Conversational AI 6-DESIGNING AND DEVELOPING DIALOGUE SYSTEMS
There are three main approaches to the design and development of dialogue systems: rule-based, statistical data-driven, and end-to-end neural. In rule-based systems conversation flow and other aspects of the interface are handcrafted using best practice guidelines that have been developed over the past decades by voice user interface designers. These include guidelines on elements of conversations, such as:
- how to design effective prompts
- how to sound natural
- how to act in a cooperative manner
- how to offer help at any time
- how to prevent errors and
- how to recover from errors when they occur.

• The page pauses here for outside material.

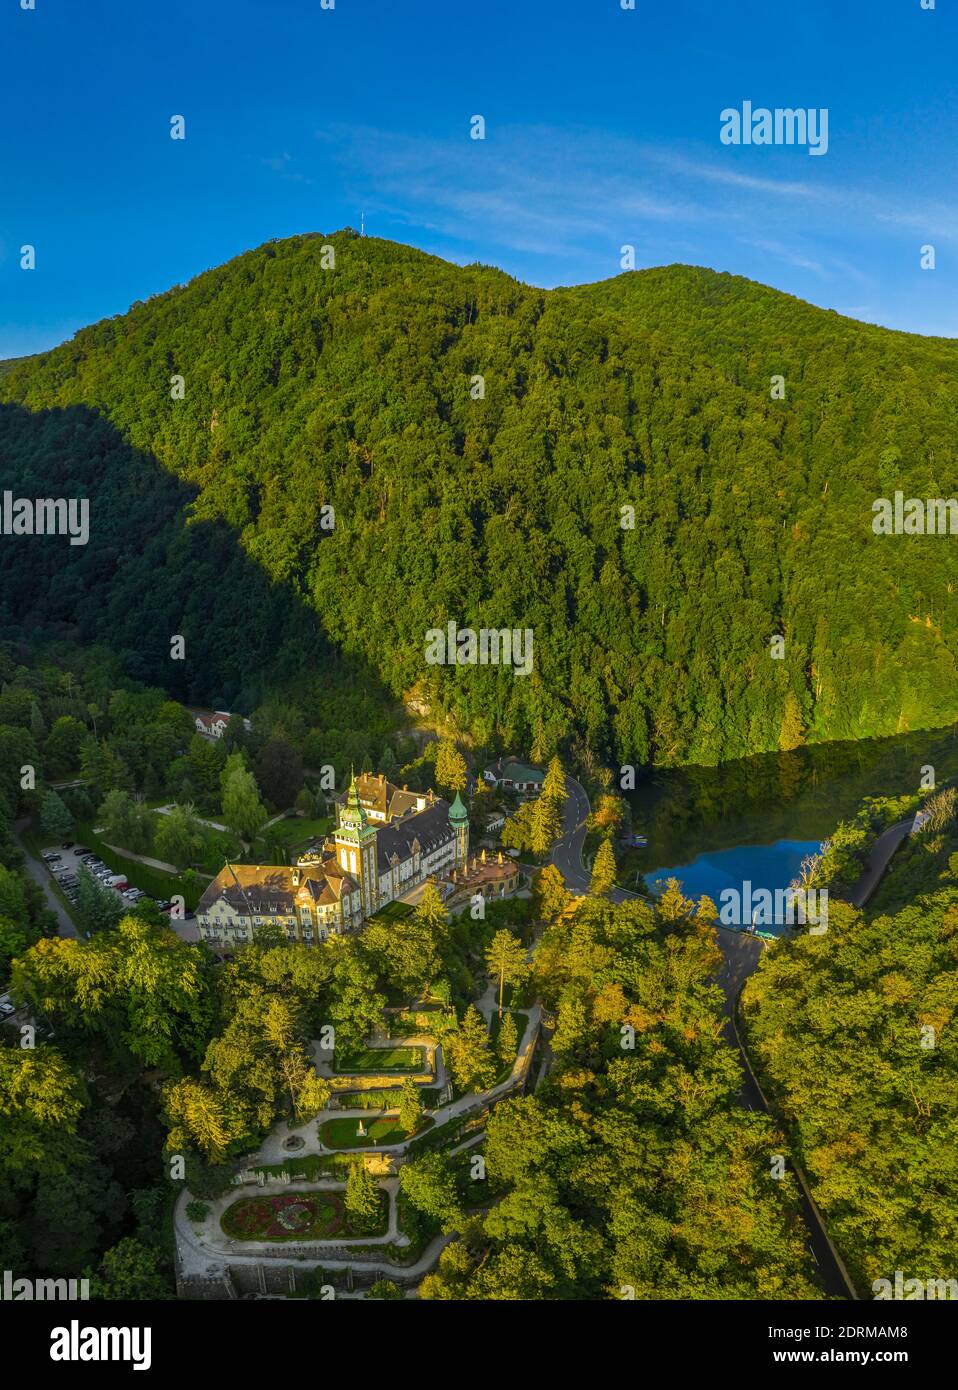 Lillafured, Hungary - Aerial view of the famous Lillafured Castle in the mountains of Bukk near Miskolc on a sunny summer morning with clear blue sky Stock Photo

There are also higher-level guidelines, for example
- how to promote engagement and retention
- how to make the customer experience more personal and more pleasant and
- the use of personas and branding.
Some of these guidelines address linguistic aspects of conversational interaction, such as maintaining the context in multi-turn conversations, asking follow-up questions, maintaining and changing topics, and error recovery. Others are more concerned with social competence, such as promoting engagement, displaying personality, and expressing and interpreting emotion. Finally, there are psychological aspects such as being able to recognize the beliefs and intentions of the other conversational participant. All of these aspects are important for a conversational agent to be effective as well as engaging for the user. In the second and third approaches, dialogue strategies are learned from data.